Dennis looked up. One of the men doing watch down the road. “Yeah?”
“Azteca!”
“Supply or warrior? How many?”
“Jaguar warrior party, no supply-men,” the lookout yelled back. Dennis’s stomach churned. A supply group would have been easy to ambush. “A hundred. They got clubs and packs and guns. A bunch of regular-looking warrior coming behind as well.”
Allen looked at Dennis and unslung his rifle. Dennis shook his head. “Leave. Now. We go hold them down a bit. You run. Get the word out. Hear?”
Allen nodded and shook Dennis’s hand. Then Dennis pushed Allen away and picked up his rifle. He jogged toward the bend as Allen grabbed his pack, strapped it on, and disappeared down the ravine with four mongoose-men following him.
Dennis slowed and inched his way up the roadside, using the heavy bush as cover. The lookout scrabbled his way over on his elbows and carefully parted a pricker bush for Dennis to look through.
Azteca feathers and standards flapped animal likenesses in the wind. The first scouts appeared down the road. Then the first row of regular Azteca marched out, a dust cloud rising around them.
“Some say a cornered mongoose the most vicious,” Dennis said. “We go be even more ferocious.”
The rest of his handful of men crawled into the bush near him. They dug around for the best hiding positions. One mongoose-man monkeyed up a tree, his feet kicking off loose bark.
Dennis raised his gun and sighted the lead banner carrier. “When you ready.”
A rifle cracked from up in the tree. The Azteca line slowed. The mongoose-men opened fire and the first row of Azteca dropped to the road. Dennis fired. The gun bucked into his shoulder. He blinked his eyes clear and reloaded, levering the still-steaming spent cartridge out with a practiced flick.
The Azteca return fire ripped through the bush around him. Pain exploded down Dennis’s arm.
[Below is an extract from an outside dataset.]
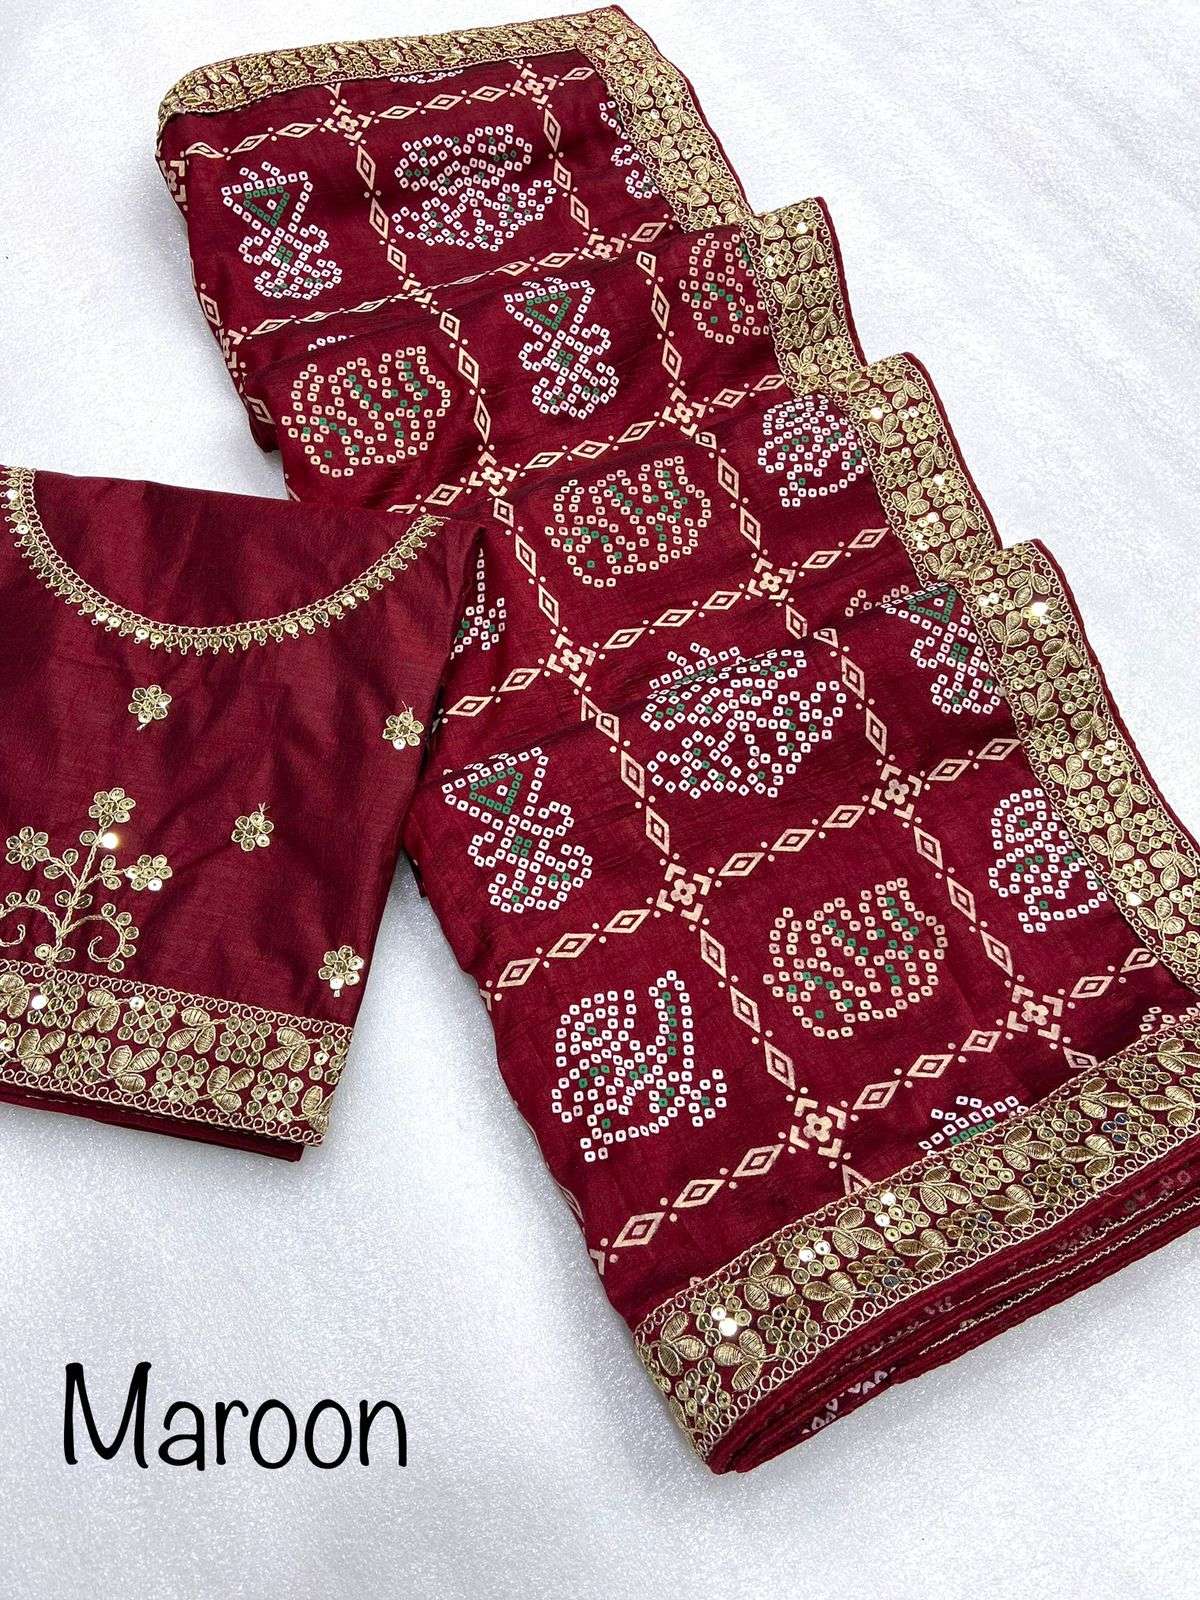 heavy vhichitra blooming saree with beautiful  khadi print in whole saree nd 5 mm seqance border with coding lace n sequence work saree 
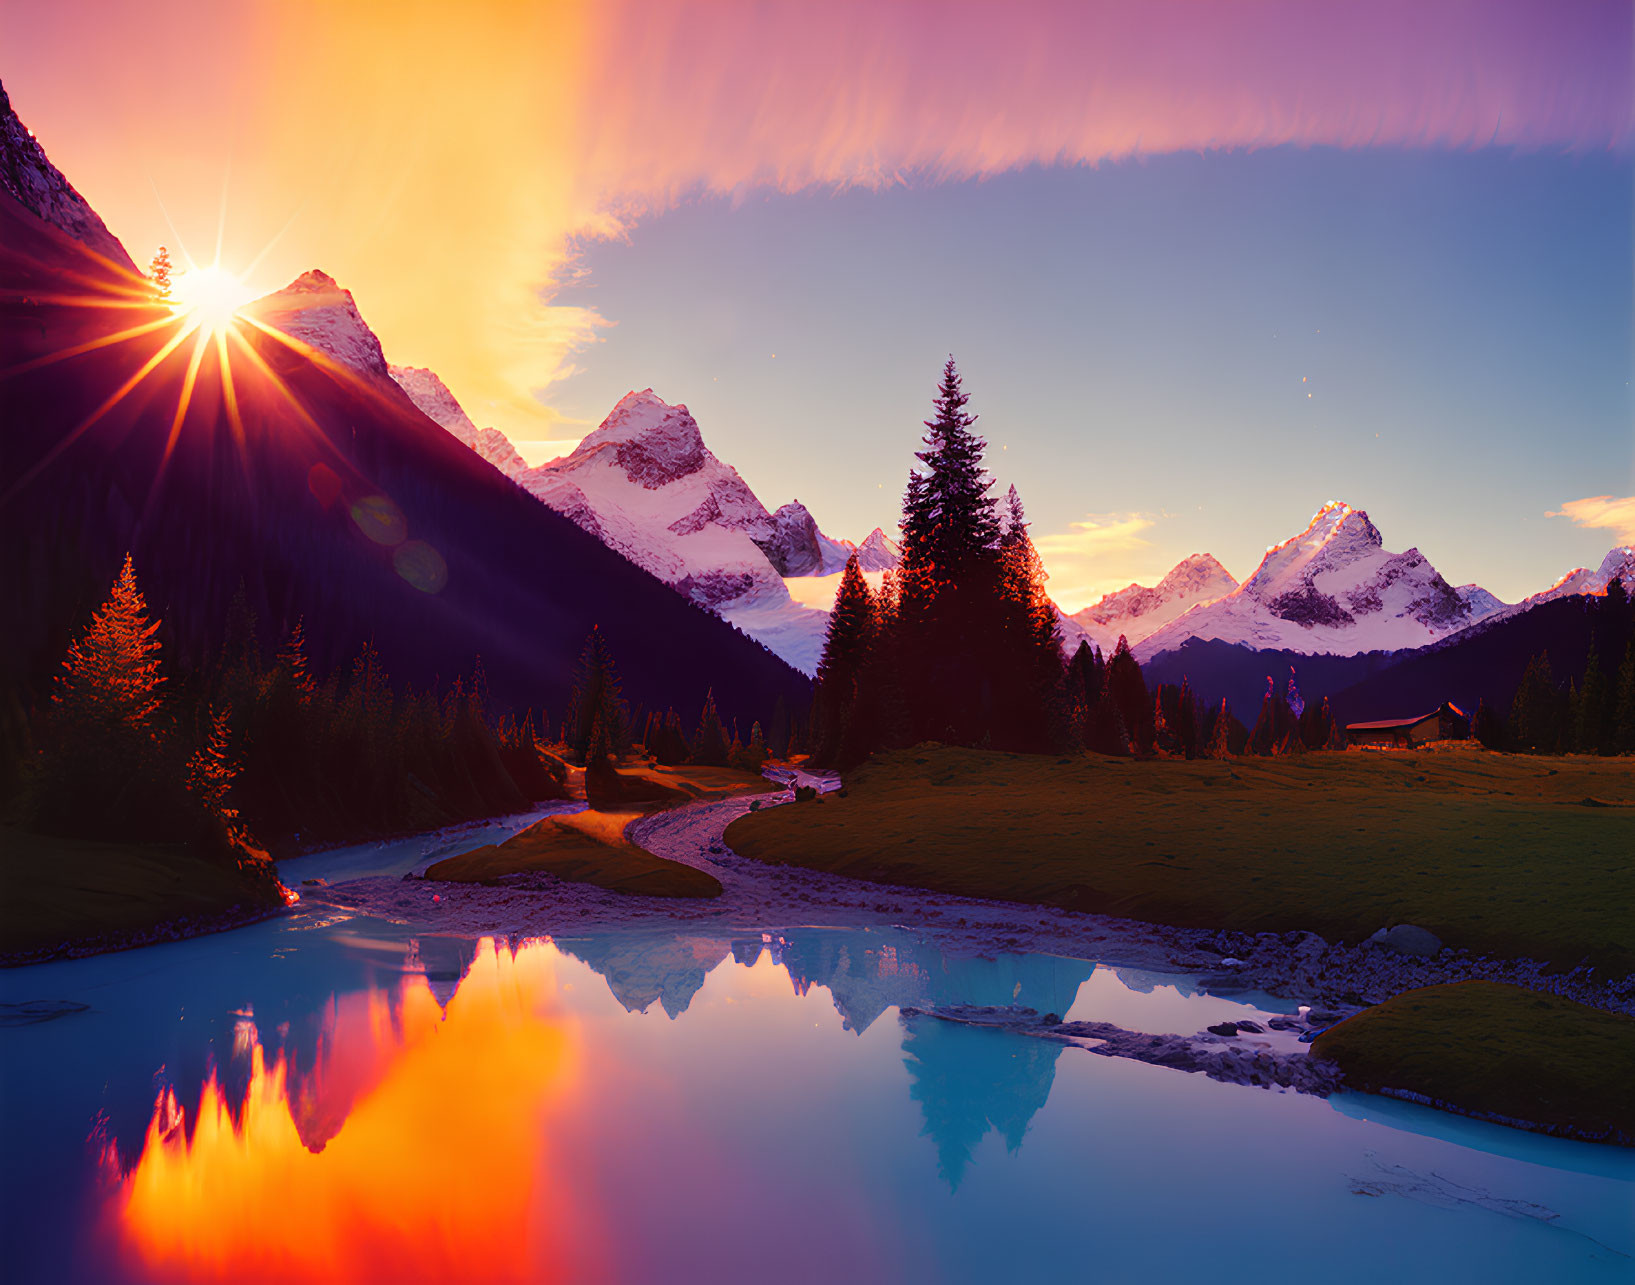 Scenic sunset over snow-capped mountains and river.

He grabbed his shoulder, trying to stop the blood spurting into the leaves around him. Feet pounded the ground as Azteca slashed through the branches at them.
Dennis heard more shots from his men, branches snapping, grunts, gasps, and screams as Azteca and mongoose-men fought hand to hand.
A light-skinned warrior jumped past Dennis, smacking him in the head with a club.
He struggled to raise his rifle with one hand, but it was knocked free. Two Jaguar scouts grabbed his legs and pulled him out onto the road. They aimed their weapons down at him.
Dennis lay there and looked up into the sky.
The mist had cleared away. Between the blotchy green leaves and branches he saw that a strong wind was pushing clouds rapidly through the sky, far above him.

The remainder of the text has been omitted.